**TASK REQUIREMENTS**
Copy out the listing that follows, exact in every word, and skip the images.

**DATASET CONTENT**
========
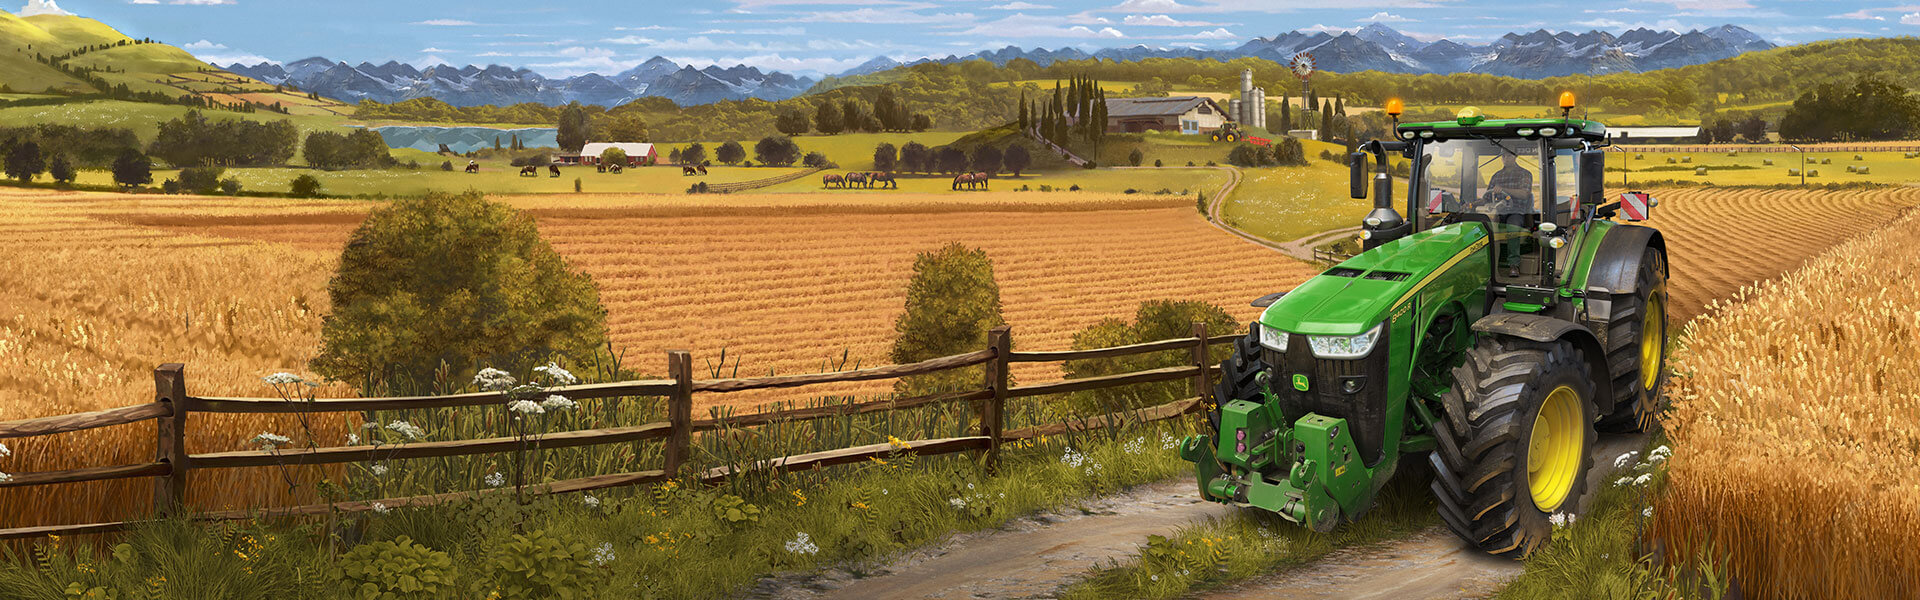 Farming Simulator 20: Farm 'Em All in new trailer for the upcoming
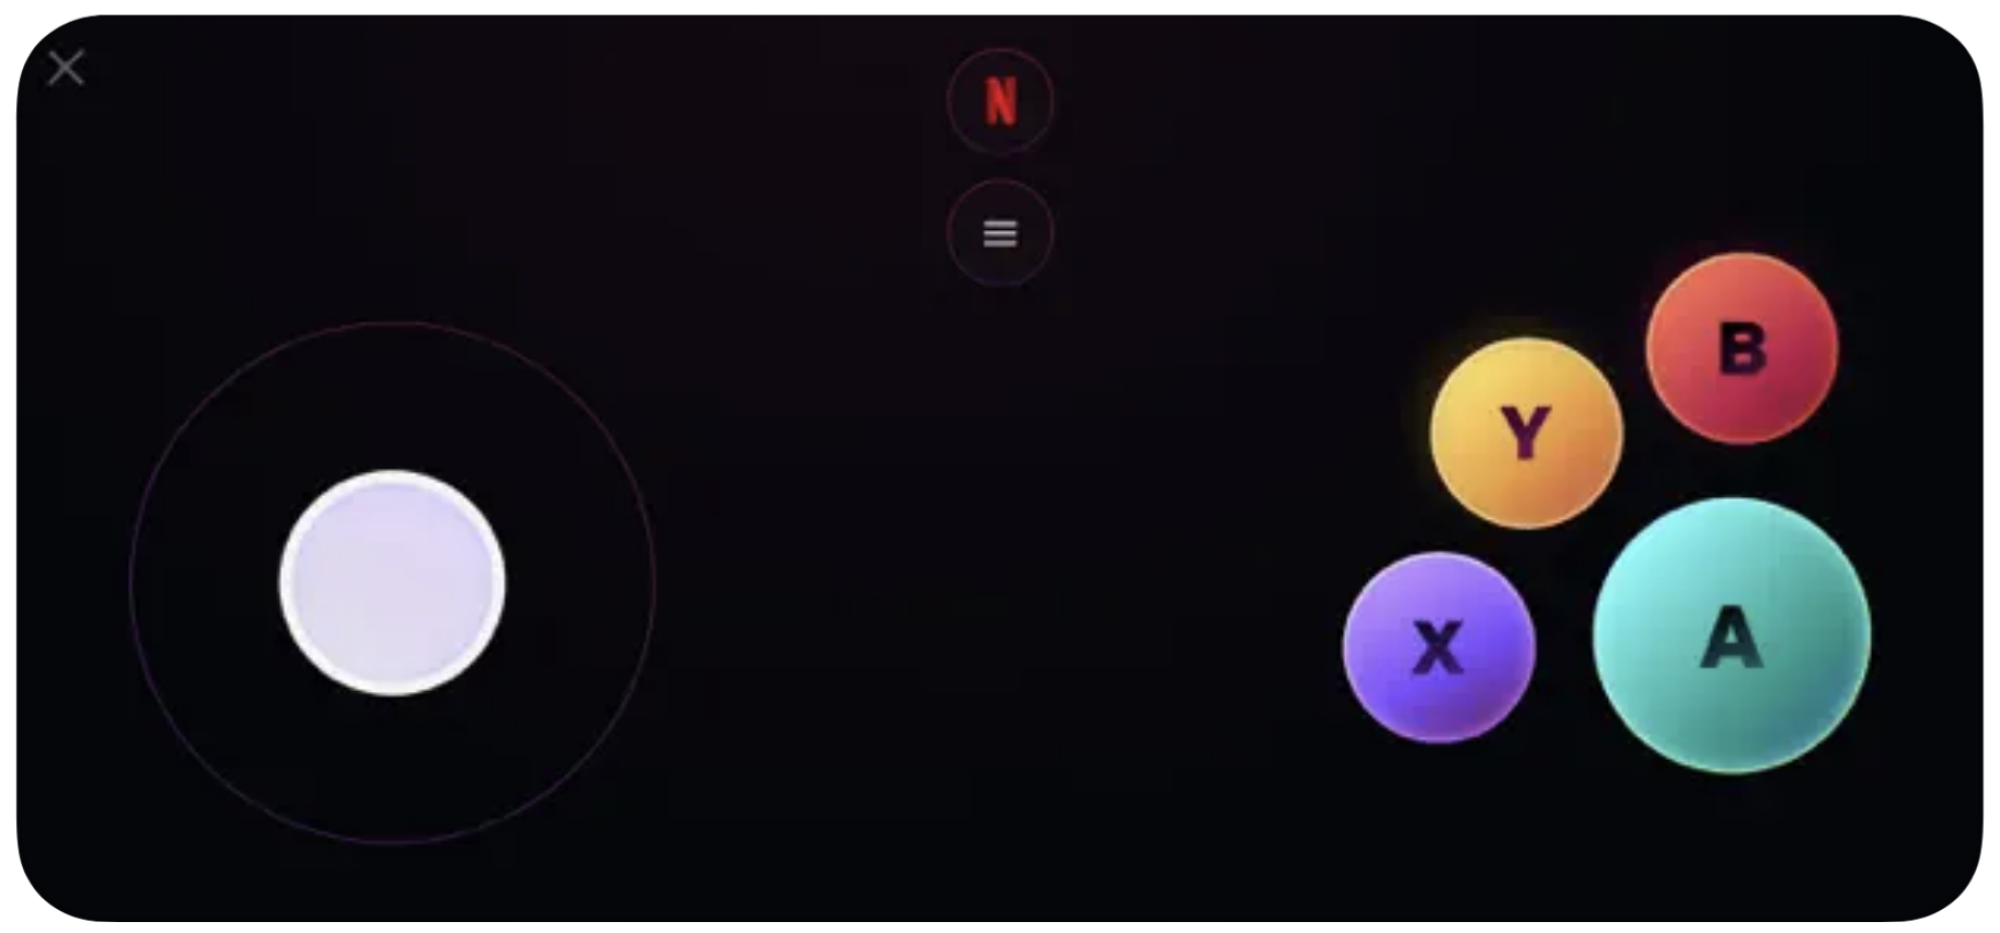 A screenshot of the Netflix Game Controller layout.
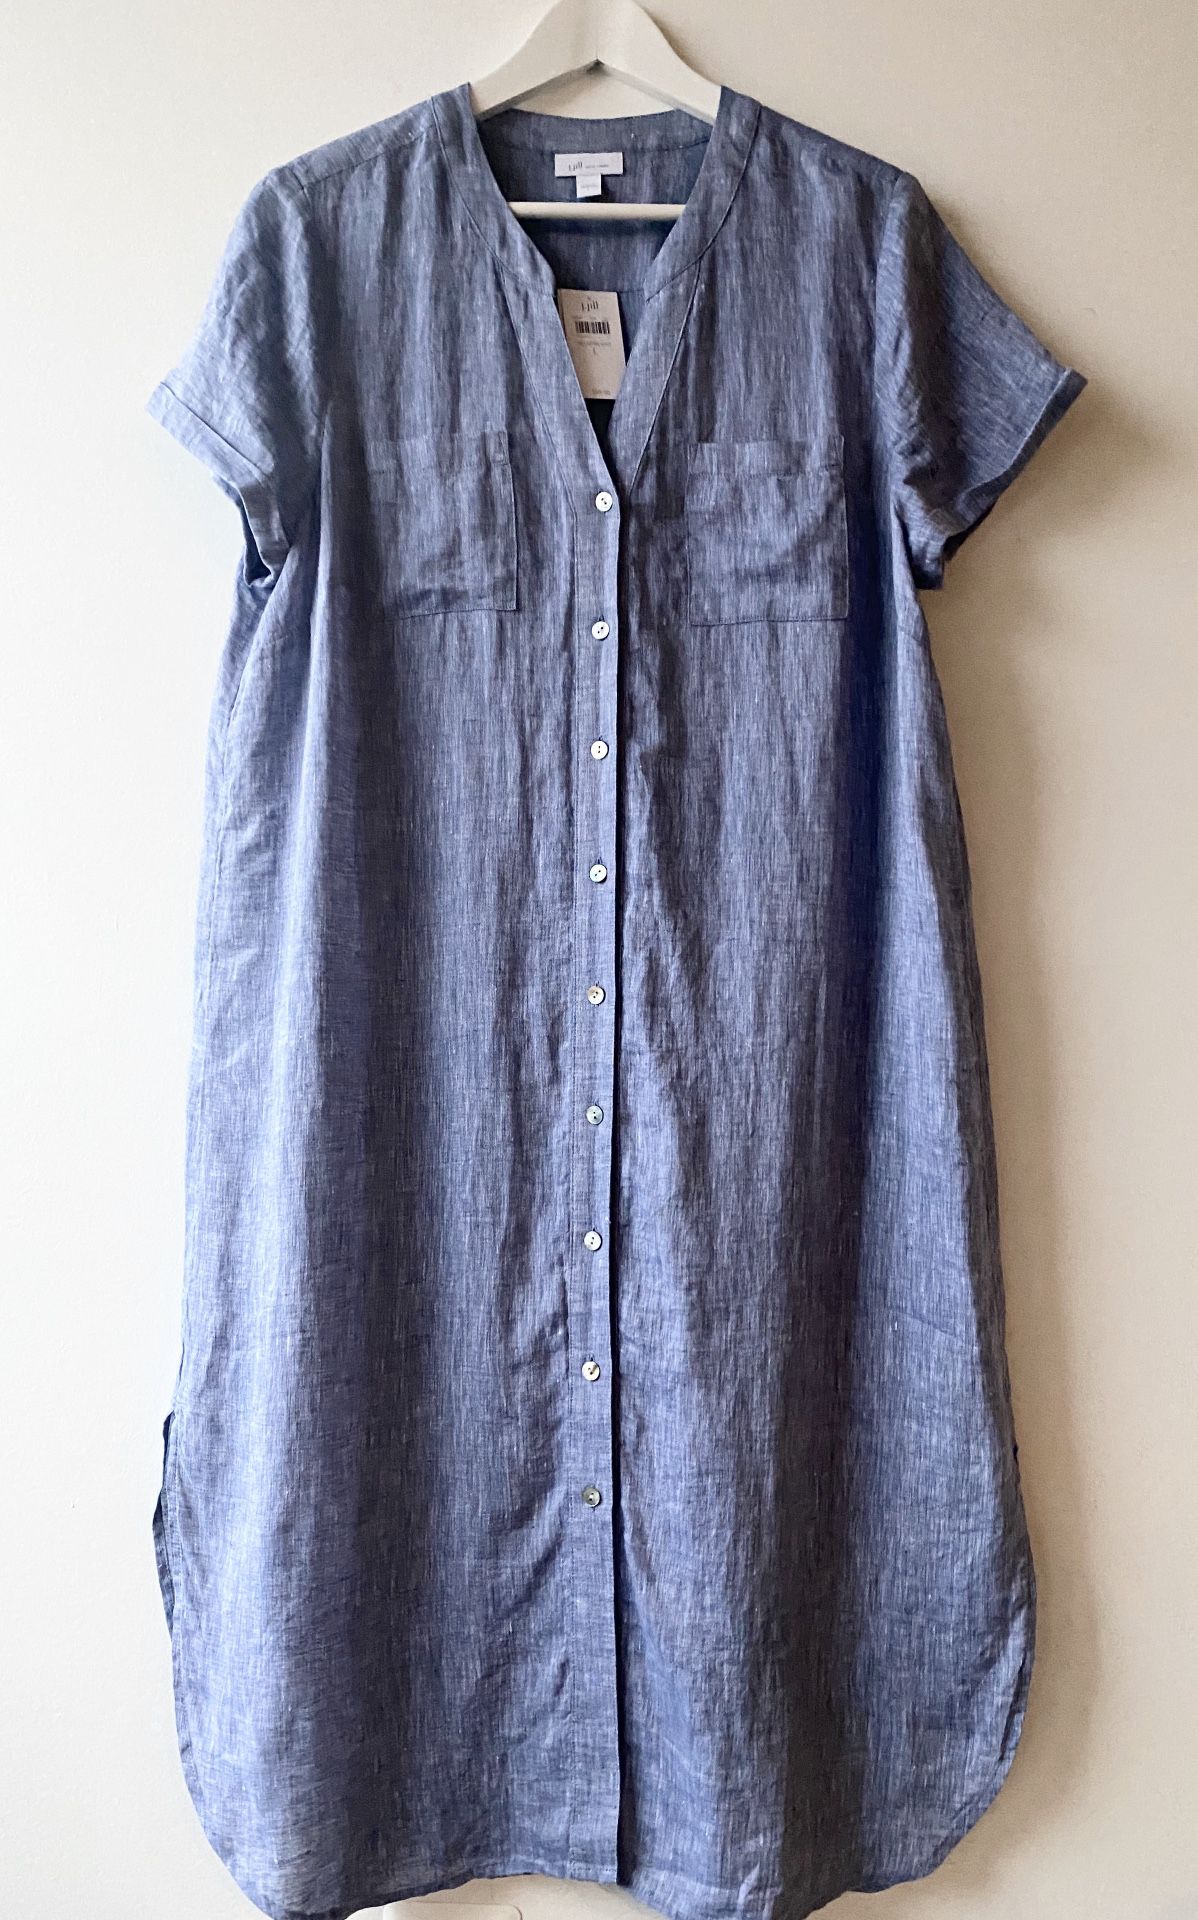 J Jill Linen Shirttail Longline Tunic Shirt Dress NWT Size Large - Retail $99 *Reduced
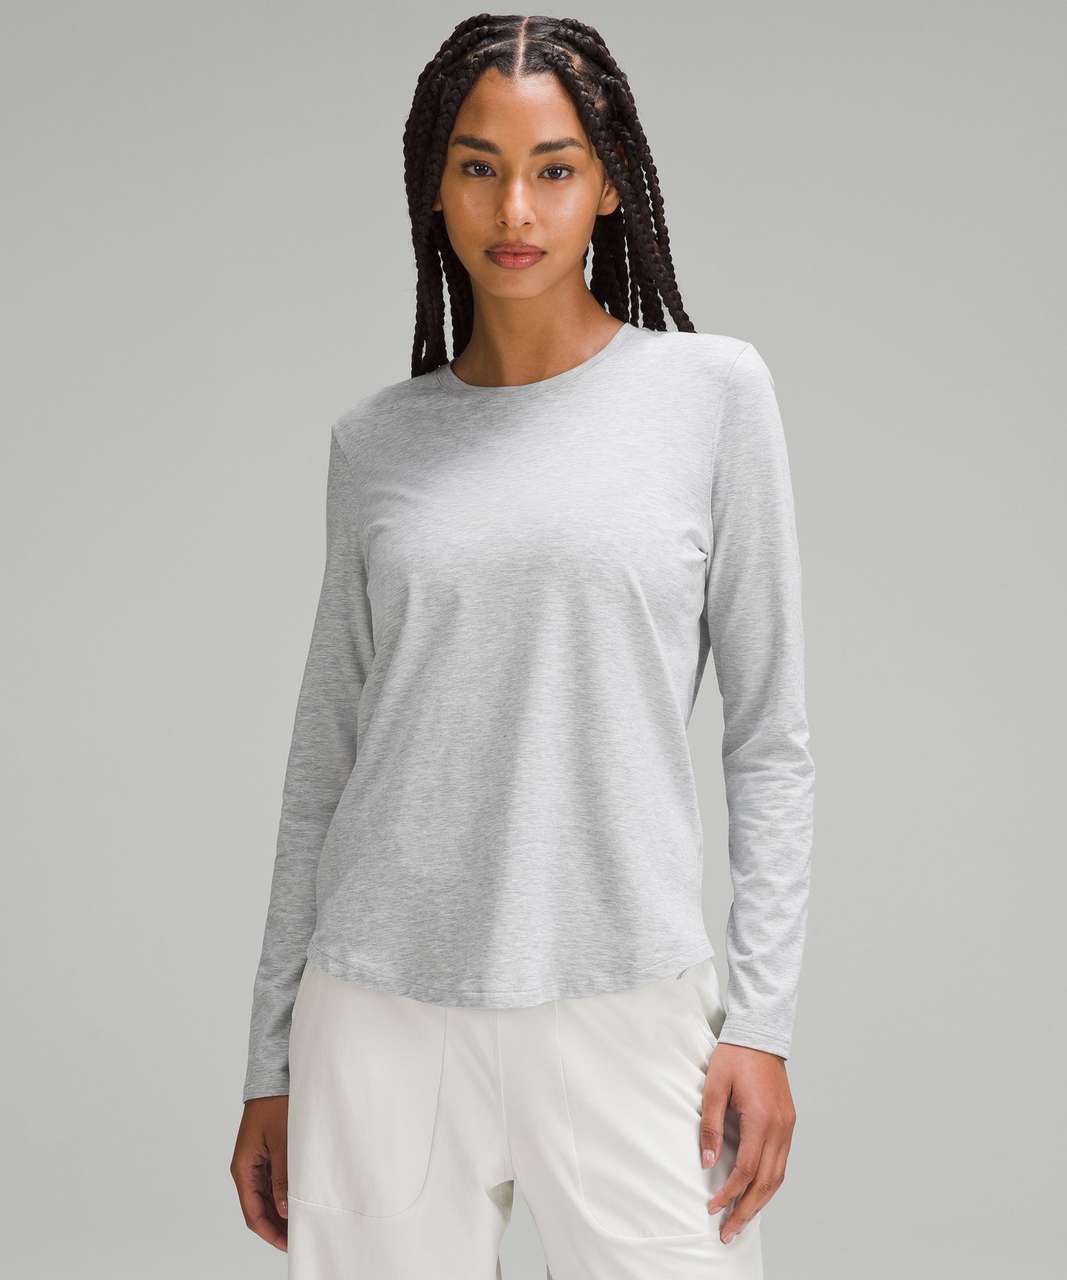 Lululemon Love Long-Sleeve Shirt - Heathered Core Light Grey
========
**RESULT**
 Farming Simulator 20: Farm 'Em All in new trailer for the upcoming
 A screenshot of the Netflix Game Controller layout.
 J Jill Linen Shirttail Longline Tunic Shirt Dress NWT Size Large - Retail $99 *Reduced
 Lululemon Love Long-Sleeve Shirt - Heathered Core Light Grey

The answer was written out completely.